The former senior vice president of the World Bank, Joseph Stiglitz, in an interview he gave to the BBC World Service, claimed that in the 1980s he witnessed:
“[The IMF] pushing ideas of financial liberalisation in Africa where interest rates would soar. They would get rid of government boards that would buy grain; letting markets [dominate], where farmers suffered, and mafia groups took over. You saw that in the structural adjustment policies, as they were called in Africa. Today the industrial sector is smaller than it was 30 years ago.”
When I begin my conversation with Antoinette Sayeh, the current director of the IMF’s African Department, I ask if Stiglitz’s and other such comments about the organisation she represents was fair? “Structural adjustment programmes in Africa in the 1980s are often criticised,” says Sayeh without hesitation. “Some of that criticism is justified. But we have learned from those experiences and adjusted our programmes at the IMF to make sure they are more effective.
“One way we do this is not to include any structural performance criteria anymore. We also make sure that our low income members do all they can to protect their social expenditure, even with constrained budget resources.”
“It’s also important to remember that most countries that came through the structural adjustment path had severe problems before turning to the IMF. For example, Tanzania in the mid-90s was in severe economic distress from bad policies: exports had fallen and interest rates had sky-rocketed.”
“This led to an overvalued exchange rate. In the banking sector many public enterprises didn’t repay their loans. This meant the poor suffered most from that rising inflation.”
Today Sayeh speaks about a healthy relationship existing between the IMF and Africa. Even those who no longer need financial support from the IMF still seek out programmes without financing under the organisation’s Policy Support Instrument (PSI). Tanzania is one such country, Sayeh explains.

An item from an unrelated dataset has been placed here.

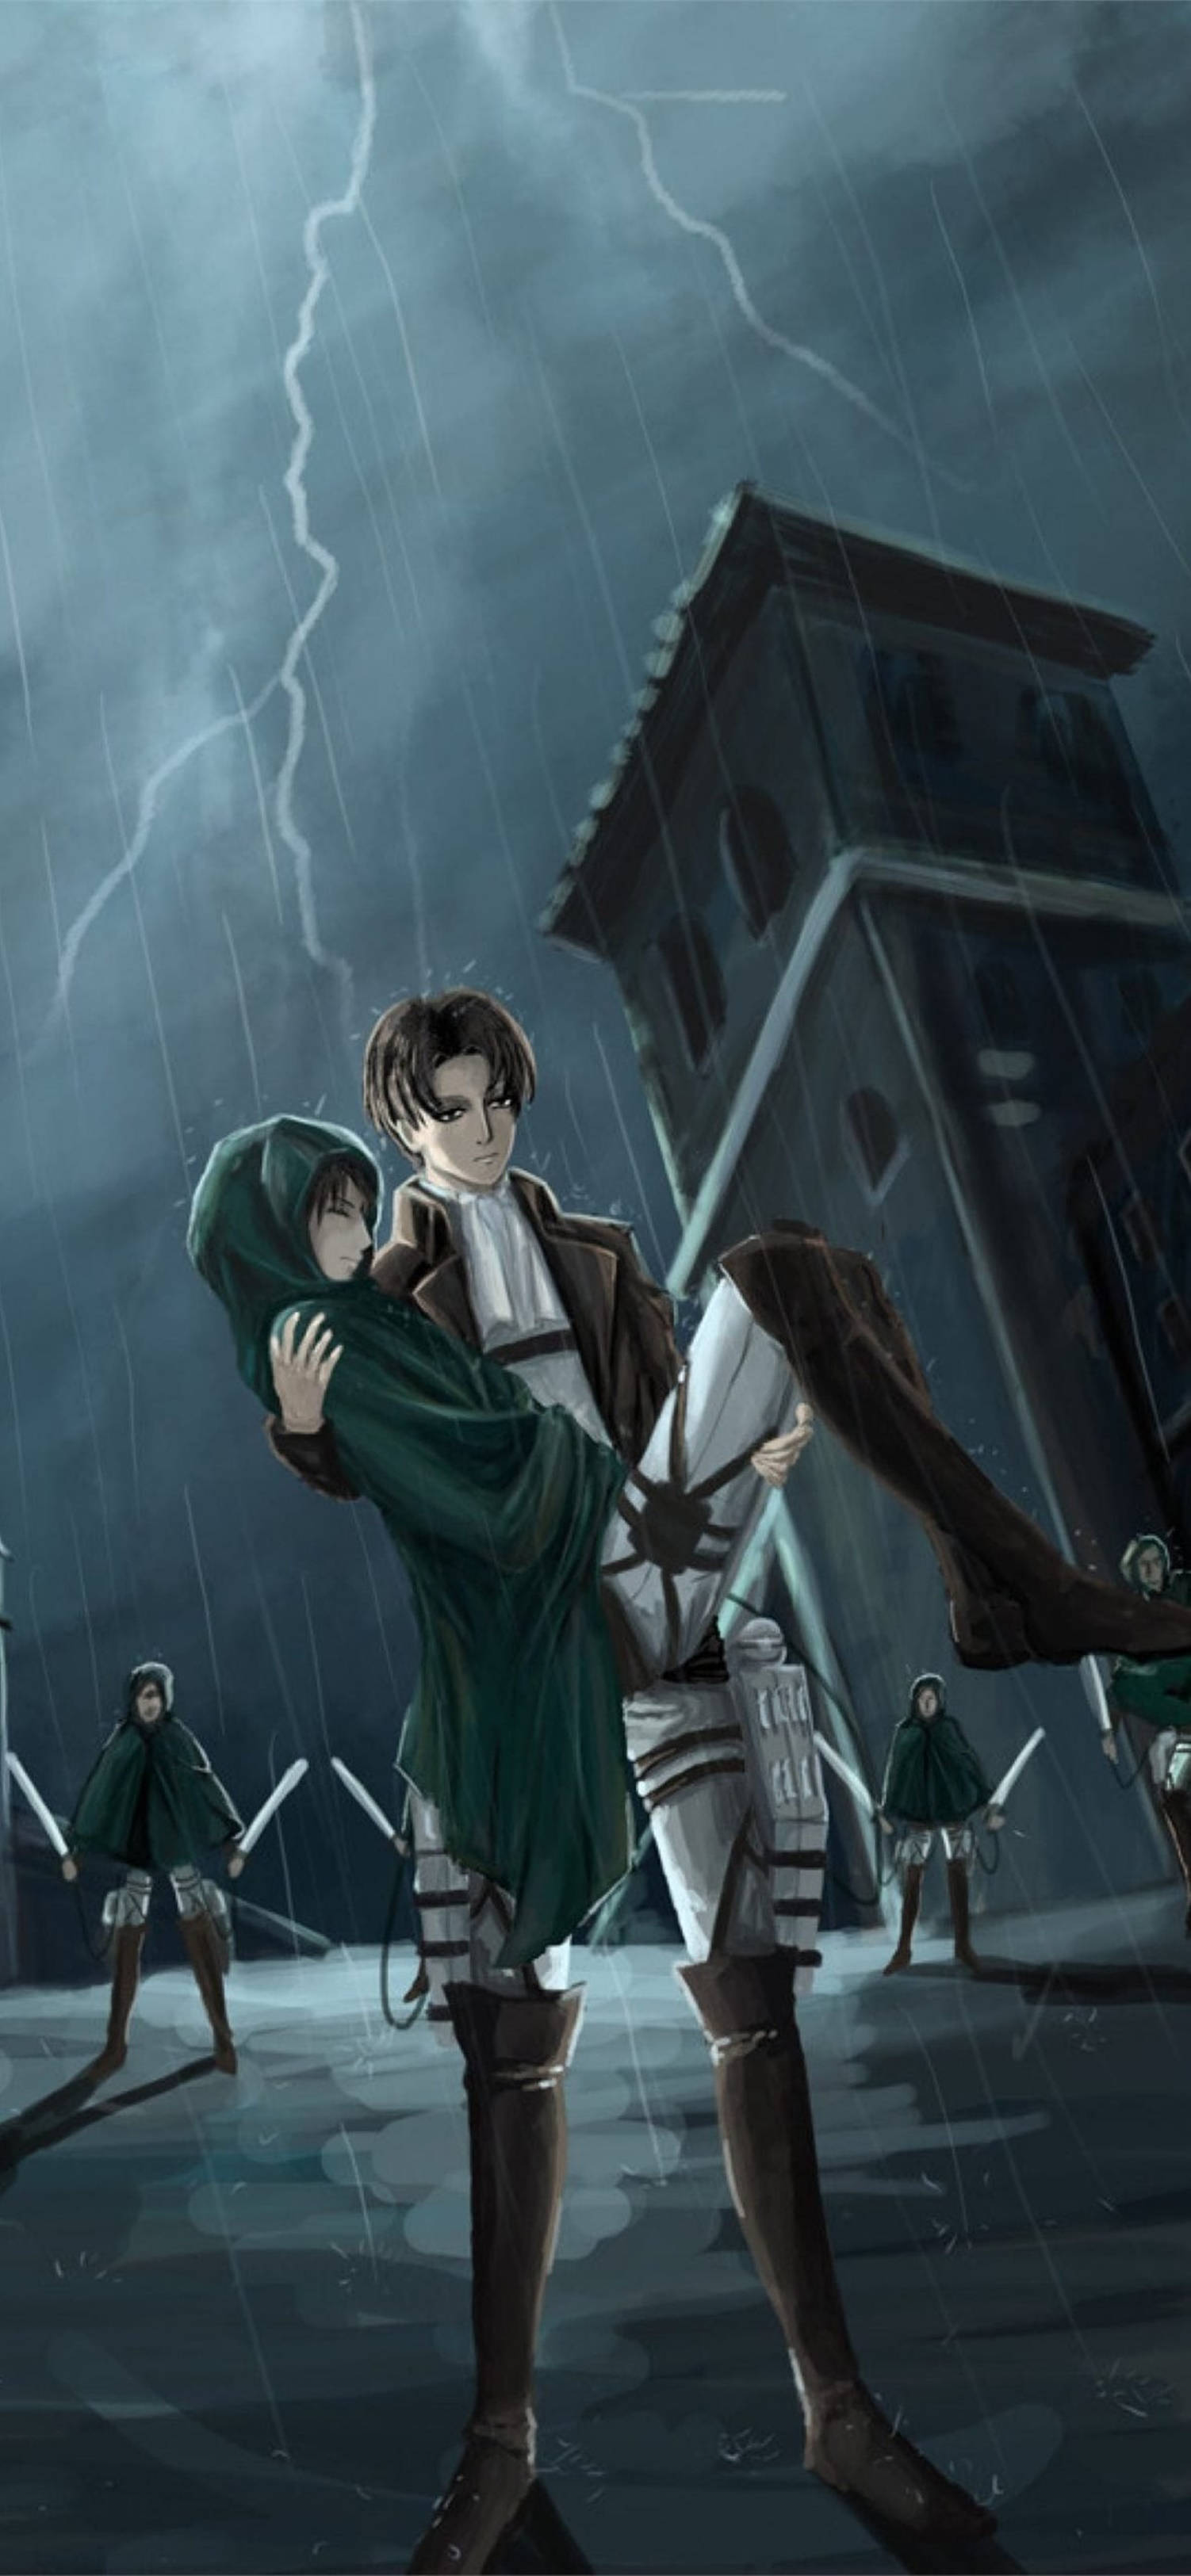 Titan Battles In High Definition: Levi And Mikasa Ackerman In Action In Aot 4k Wallpaper

This anecdote does not seem arbitrary. Tanzania – indirectly – helped stabilise relationships that had gone sour between the IMF and many African countries. This was done in 2009 when the IMF held a conference in Tanzania’s commercial capital, Dar es Salaam, titled: Changes, Successful Partnerships for Africa’s Growth Challenge. “The Tanzania conference really was a changing moment for consolidating the relationship between African countries and the IMF,” says Sayeh.
“It brought together African policy makers, the private sector, civil society, the IMF, and various financial institutions, to discuss the challenges that the continent faced. This was amid the backdrop of the most severe economic crisis that the world had faced in 60 years.”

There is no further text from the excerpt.